DAILY MAIL, CONTINENTAL EDITION, THURSDAY SEPTEMBER 28, 1944
‘Break-out’ Order to Survivors
From ALAN WOOD.
Representing the Combined Press
With Arnhem Airborne Force, Tuesday.
This is the end. The most tragic and glorious battle of the war is over, and the survivors of this British airborne force can sleep soundly for the first time in eight days and nights.
Orders came to us yesterday to break out from our forest citadel west of Arnhem, cross the Rhine, and join up with the Second Army on the south bank.
Our commander decided against a concerted assault on the Germans round us. Instead, the plan was to split up into little groups, 10 to 20 strong, and set out along different routes at two-minute intervals, which would simply walk through the German lines in the dark.
Cheeky patrols went out earlier tying bits of white parachute tape to trees to mark the way. To hinder the Germans waking up to what was happening. Second Army guns laid down a battering box barrage all afternoon.

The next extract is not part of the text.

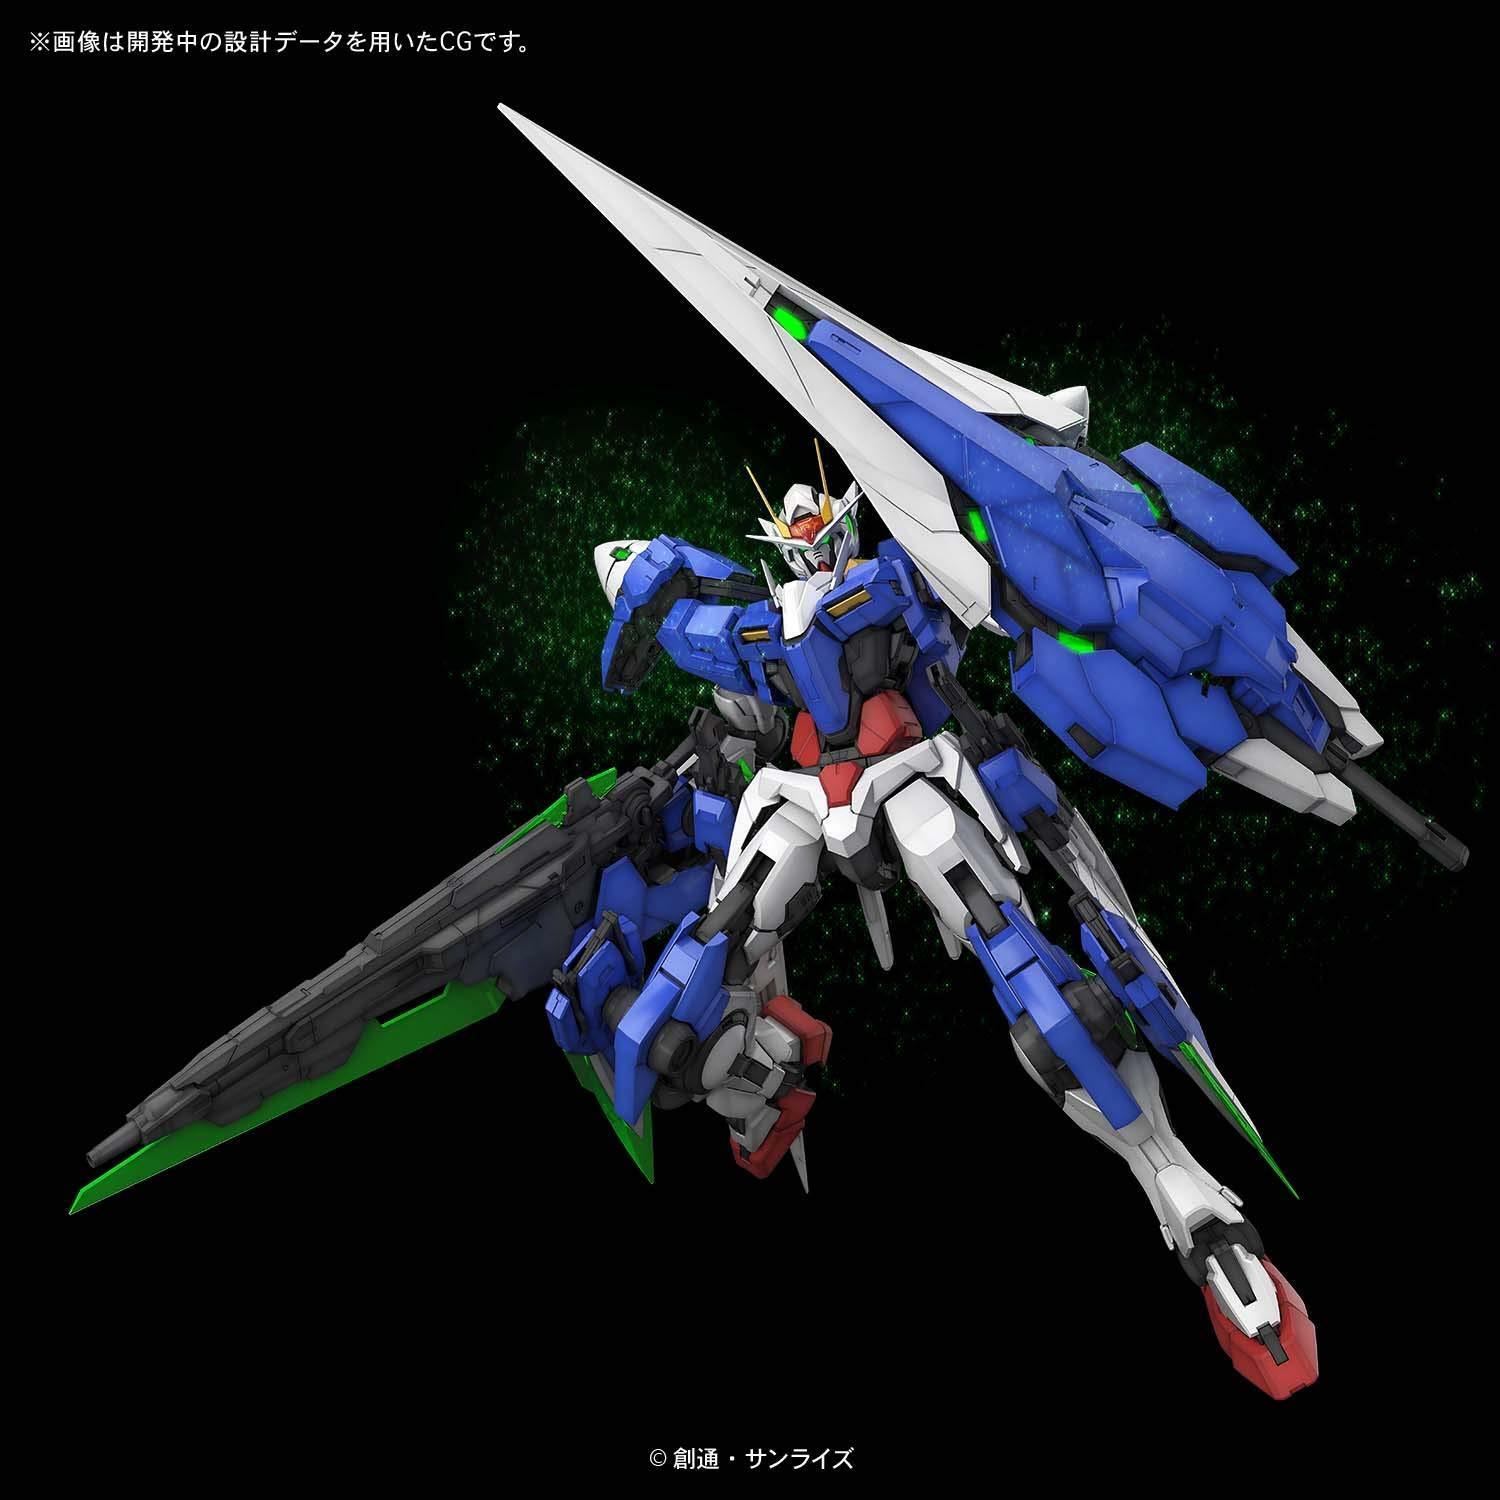 PG - GN-0000/7S 00 Gundam Seven Sword

The first party was to set off at 10 p.m.; our group was to leave at 10.4 p.m. They went round distributing little packets of sulphanilamide and morphia. We tore up blankets and wrapped them round our boots to muffle the sound of our feet in the trees.
Waited for Boats
We were told the password – “John Bull.” If we became separated, each man was to make his way by compass due south until he reached the river.
Our major is an old hand. He led the way, and linked our party together by getting everyone to hold the tail of the parachutist’s smock of the man in front of him, so our infiltrating column had an absurd resemblance to some children’s game.
It was half-light, with the glow of fires from burning houses around, when we set out. We were lucky; we went through a reputed enemy pocket without hearing a shot except, for a stray sniper’s bullet.
Another group met a machine-gun with a fixed line of fire across their path. Another had to silence a bunch of Germans with a burst of Sten fire and hand grenades
Another had to pause while a German finished his evening stroll across the pathway. But we all got through without the enemy realising that we were doing anything more than normal night patrolling.
The worst part was waiting two hours by the riverside till our turn came for assault boats to ferry us across. The Germans, if not yet definitely suspicious, were inquisitive; they kept on sending up flares and it was vital to lie flat, and motionless.
In our boat queue we lay flat and shivering on a soaking field with cold rain drizzling down. Occasionally machine-guns spattered out and bullets tweaked through the grass.
We were lucky again; our actual crossing was quiet. But soon after it seemed that the Germans had guessed what was going on, because they mortared and shelled heavily along the shallow river banks.
One soldier in the next field was hit and called out for help. Men whose turn for a place in the boats had come after hours of waiting insisted on staying under fire a little longer so that the wounded could go first.
Any wounded left behind, of course, became automatically prisoners of war, so many sick and limping left their beds to take a chance with the escape parties making their way to the river.
And so this epic stand of the British airborne soldiers ended as it had been fought – with honour, with high courage, with selfless sacrifice.
What of the spirits of these men as they trudged back through the wet night to the billets where they are now sunk in sodden sleep?
You can best judge it by the name they chose for last night’s break-out. It had the same objective as they have always had and they still mean to get in there. They called it “Operation Berlin.”